Kapanan kapının arkasında bekledi bir süre. Yaptığının doğruluğundan emin yavaşça tekrar salona doğru döndü yüzünü. Bakıştık belli belirsiz. Oturdu daha birkaç saat önce heyecanlı gözlerle O’nu beklediği koltuğuna. Ellerini çenesine koyup “beklemeyi sever misin?” Diye sordu. “Hayır” deyiverdim istediği cevabın bu olup olmadığını bilmeden. “Ben de” dedi. “Ama insan neyi beklediğini bilince, beklediğine değeceğini hissedince o kadar da zor değil. Zaman bükülebilen bir şey aslına bakarsan. Neyle ve kim için bükeceğinden eminsen hiç zor değil.” Neyle bükeceksin? Bu tavrın, az önce yaşananların üzerine seni böyle rahatlatan nedir? Diye sordum.

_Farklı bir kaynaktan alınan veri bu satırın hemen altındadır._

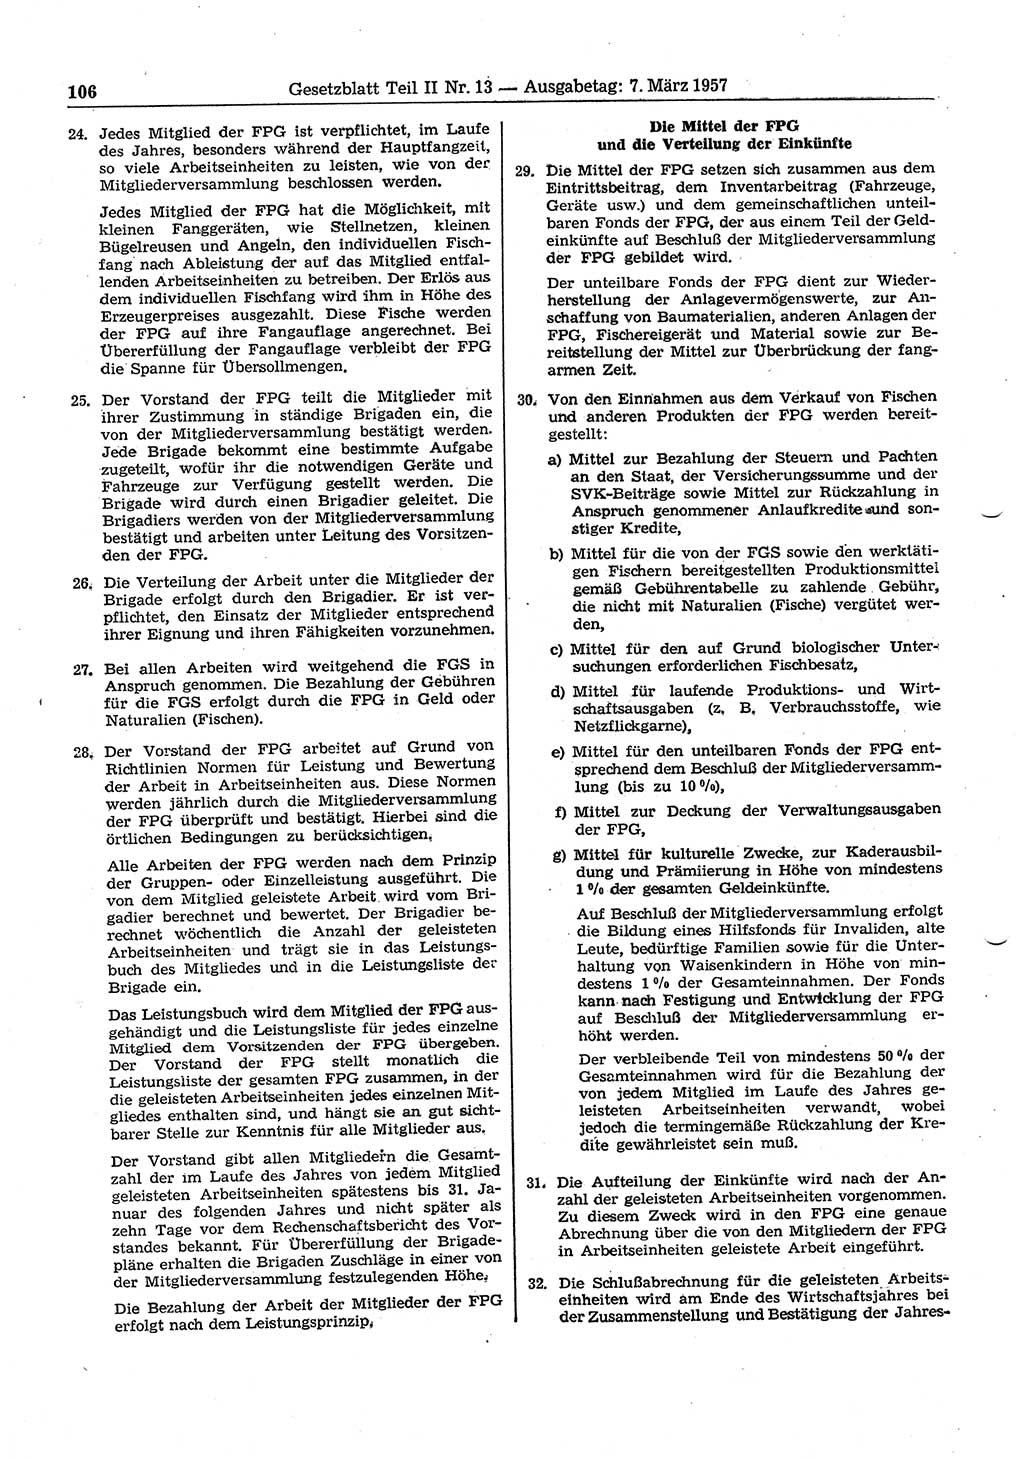 Gesetzblatt (GBl.) der Deutschen Demokratischen Republik (DDR) Teil ⅠⅠ 1957, Seite 106 (GBl. DDR ⅠⅠ 1957, S. 106)
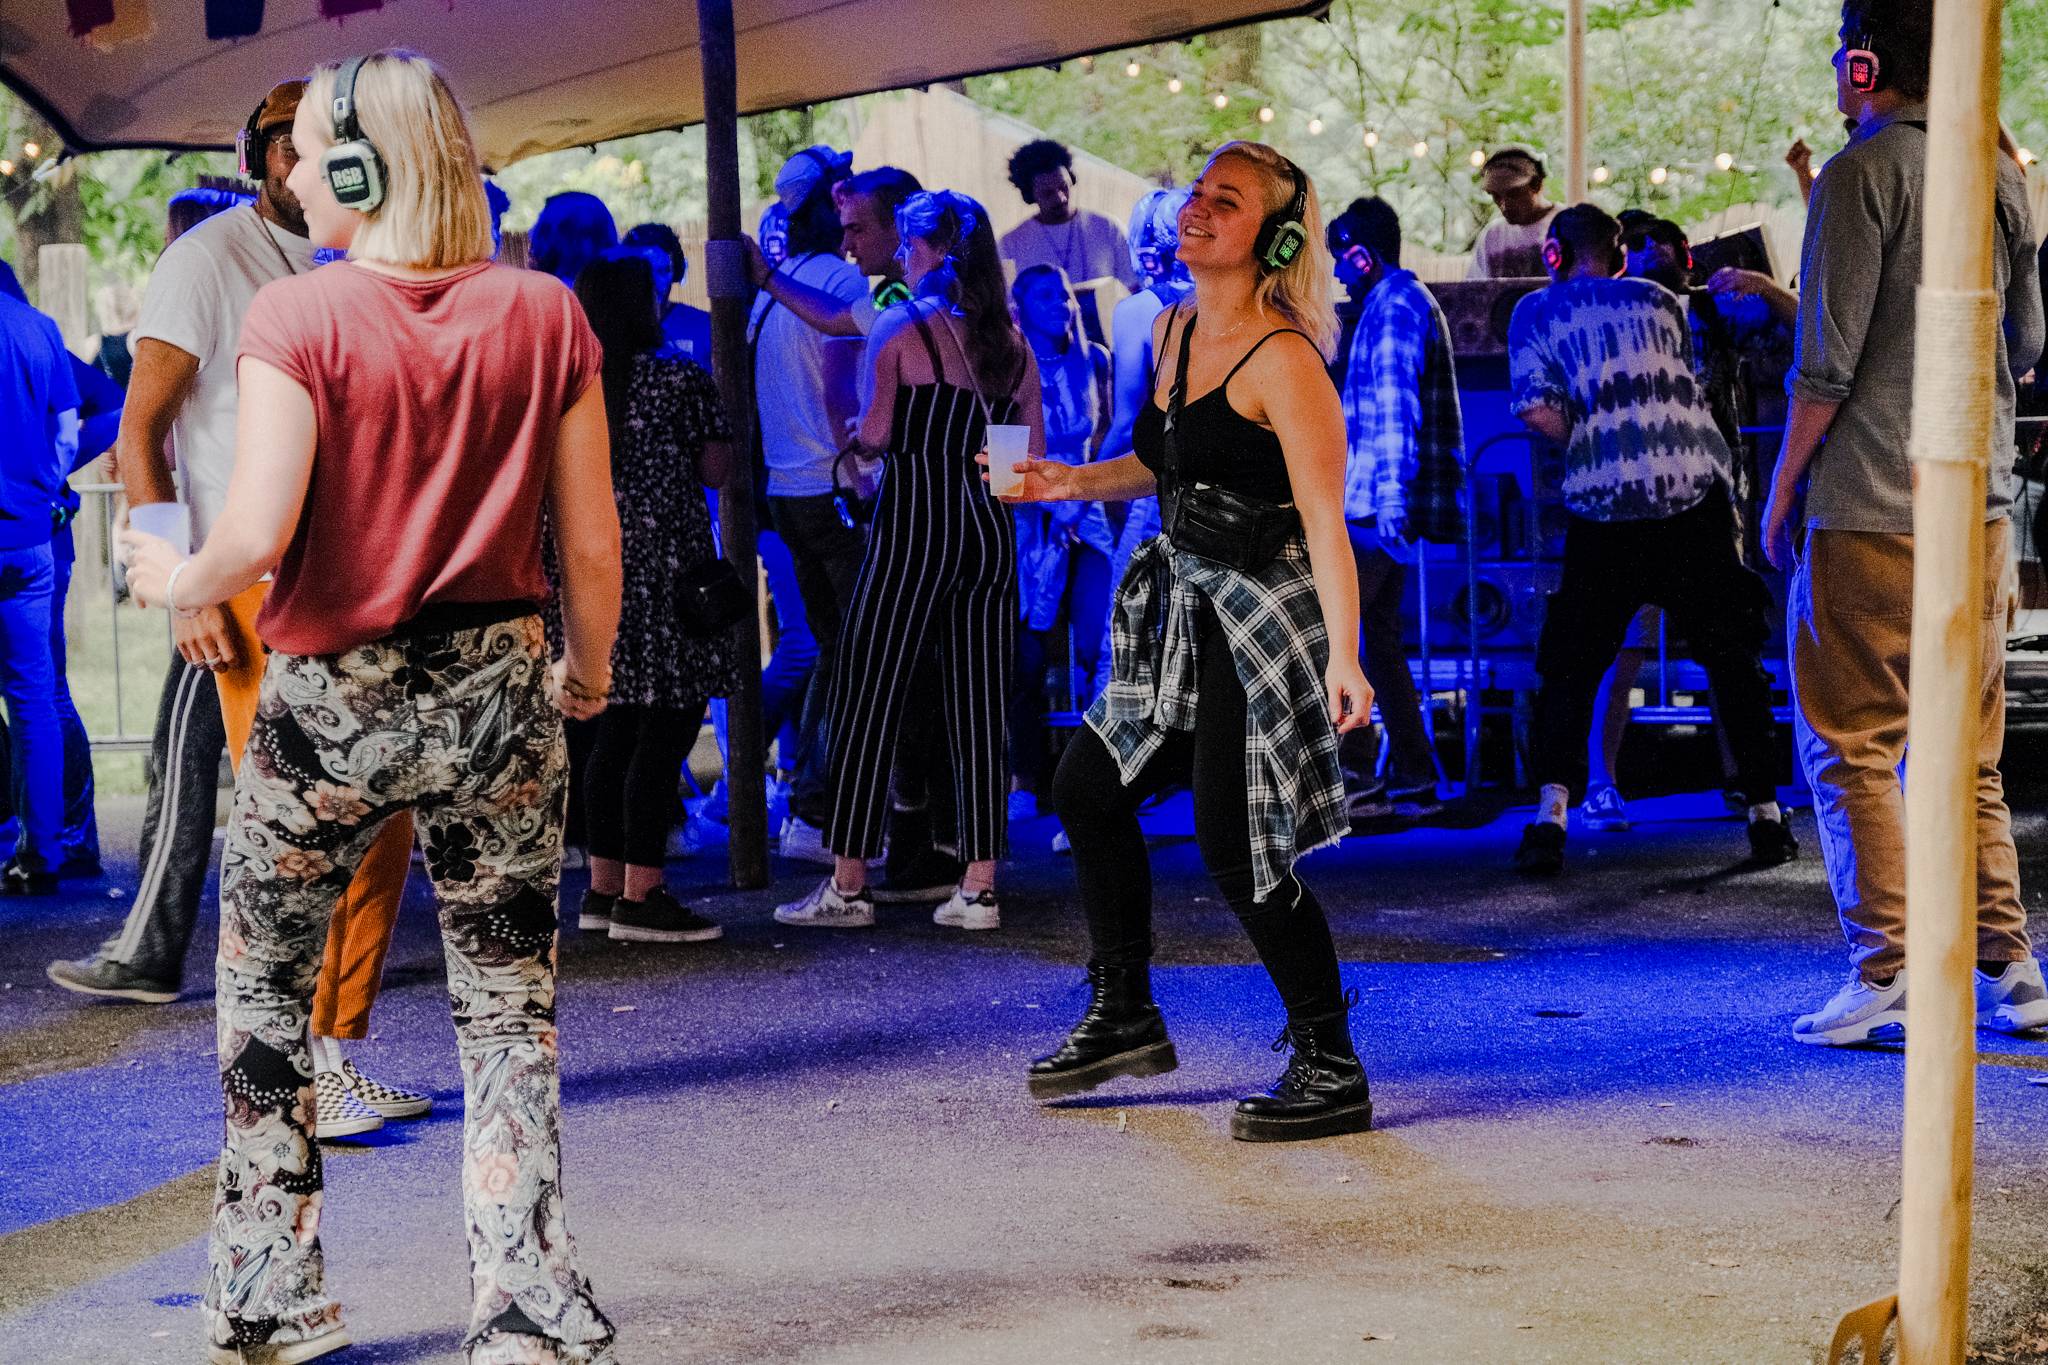 de Ontluiking deel 2 Super Zwoel en FLUOR Festival in Amersfoort dansende mensen

” Aşk… Bazen öyle yoğun, öyle dipsiz olur ki düşsen de çakılmazsın. Seni mecbur eden hiçbir şey yokken ve gidebileceğin onlarca yer varken kalmak sadece aşkla açıklanabilir çünkü. 1+1=1 nedir bilir misin?” Diye sordu sonra.

Hayır dedim.

“Tarkovski’nin Nostalghia filminin bir sahnesinde duvarda yazar. 1 damla 1 damla daha 2 damla etmez. Daha büyük bir damla eder. Bu büyüyüp birbirine karışmaktır. Kendini tek bir damla olarak görür her şeye rağmen karışmazsan iki kişilik bir aşktan bahsedemezsin. O yola çıkacağımızı biliyorum. Kendimden daha çok O’na güveniyorum. Çözecektir. Çözemezse de yine çözemedim deyip üzerime damlayacak ve bizi çoğaltacaktır.” Şaşkınlıkla dinledim. Hep alıştığım ikili ilişki tavırlarından çok farklıydı. İnanç, emek, birbirini tanımak ve nihayetinde bir olmak sanırım aşkın dört elementiydi. Burada böylece bekleyip çözecektir, çözeceğiz diyebilmek ne güzel diye düşündüm. Bu adamı tanıyordum zaten. Öyle belirgin çizgilerle anlatmıştı ki neden şaşırıyorum dedim kendi kendime. Aynı adam değil miydi sen varken derdim, tasam kalmıyor hiç diyen, onda dokunduğu yeri çiçeklendiren, omzuna yaslandığında dünyanın en güzel yeri burası olmalı dedirten? Evet o adamdı. Gözlerinin kenarındaki çizgileri, yara izlerini, uykusuz olduğunda kirpiklerinin uçlarının birbirine nasıl değdiğini ve göz kapaklarının iyice yumulduğunu, sinirliyken ellerini nasıl enstrüman gibi kullandığını ve aynı ellerle nasıl mahir işler yaptığını; sesinden mutlu mu mutsuz mu, sinirli mi, huzursuz mu olduğunu anladığı, çalışırken dinlediği ve dinlemediği müziği, üzerine basıp oradan oraya sürüklediği ayakkabının çıkardığı sesle huzur bulduğunu benim bile bildiğim adam. Bunları düşününce evet dedim çözeceklerdir. Yol için hazırladığı çantasını kaldırıp koydu. Boşaltamayacağını tahmin ediyordum. Gergin bir gülümseme vardı yüzünde ama asla umutsuz bir gülümseme değildi. Burada onunla bekleyeceğimi söyledim. Kabul etmezse ısrar etmeyecektim ama beklemediğim bir şey oldu ve “kal” dedi. Birkaç gün böyle sakin ve havada asılı birçok düşünceyle geçti. Birbirlerine verdikleri sürenin dolmasına bir gün kalmıştı. Ben nasıl heyecanlıysam o da o kadar sakindi. O günün sabahı erkenden kalkıp güzel bir kahvaltı hazırladım. Eğer işler tahmin ettiği gibi gitmezse günü güzel geçsin istiyordum. O ise her zaman uyandığı saatte uyandı. Sakinliği sinir bozucu bile olabilirdi. Kahvaltının sonlarına doğru kapı çaldı. Kalbimin atışını bugün bile hatırlıyorum. Ne olacaktı şimdi? Gidecekler miydi yoksa adamın cebindeki cevaplar uzun yol için çok mu kısa olacaktı bilmiyordum.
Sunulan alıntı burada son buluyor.